Continuaba ensimismada en el camino hacia el pozo sin prestar mucha atención al discurso de su madre. Reparó entonces en una mujer de mediana edad que estaba sentada en el banco más próximo al pozo. Sollozaba. Vestía un largo traje blanco de mangas estrechas, con un cuello excesivamente alto y sobrecargado de encajes. Una pamela de enormes dimensiones con adornos florales violetas cubría parte de su rostro afilado. La señora secaba sus lágrimas con un delicado pañuelo de seda.
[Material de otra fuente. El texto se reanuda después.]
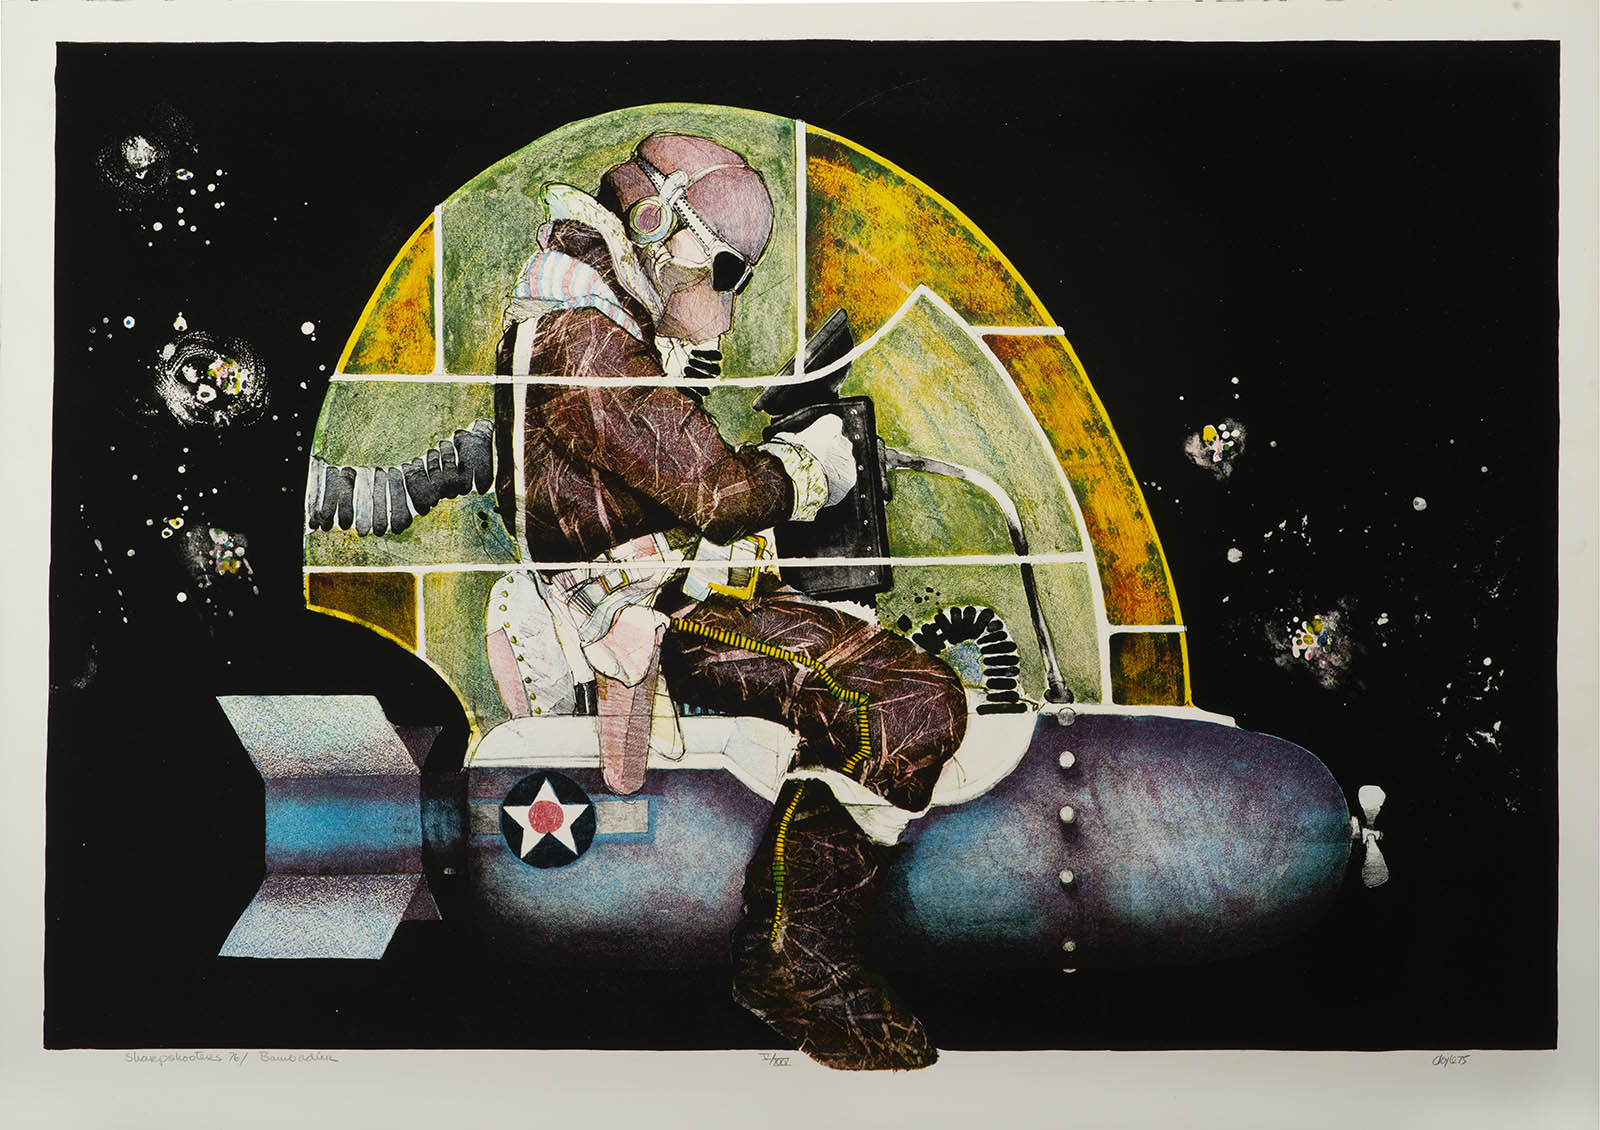 John L. Doyle, Bombardier  (from the series: Sharpshooters 76), 1976

Sofía llegó al pozo sin apartar la vista de aquella mujer singular.
—¿Hay una fiesta de disfraces o algo parecido en el hotel? —le preguntó a su madre, que continuaba absorta ideando sus nuevos planes de viaje.
—No que yo sepa. ¿Por qué lo preguntas?
—Esa mujer del banco viste como si fuera del siglo pasado.
—¿Qué mujer, cariño? —Arrugó el rostro a la vez que dirigía la mirada al lugar que le señalaba su hija.
—La señora de blanco…, la que está llorando.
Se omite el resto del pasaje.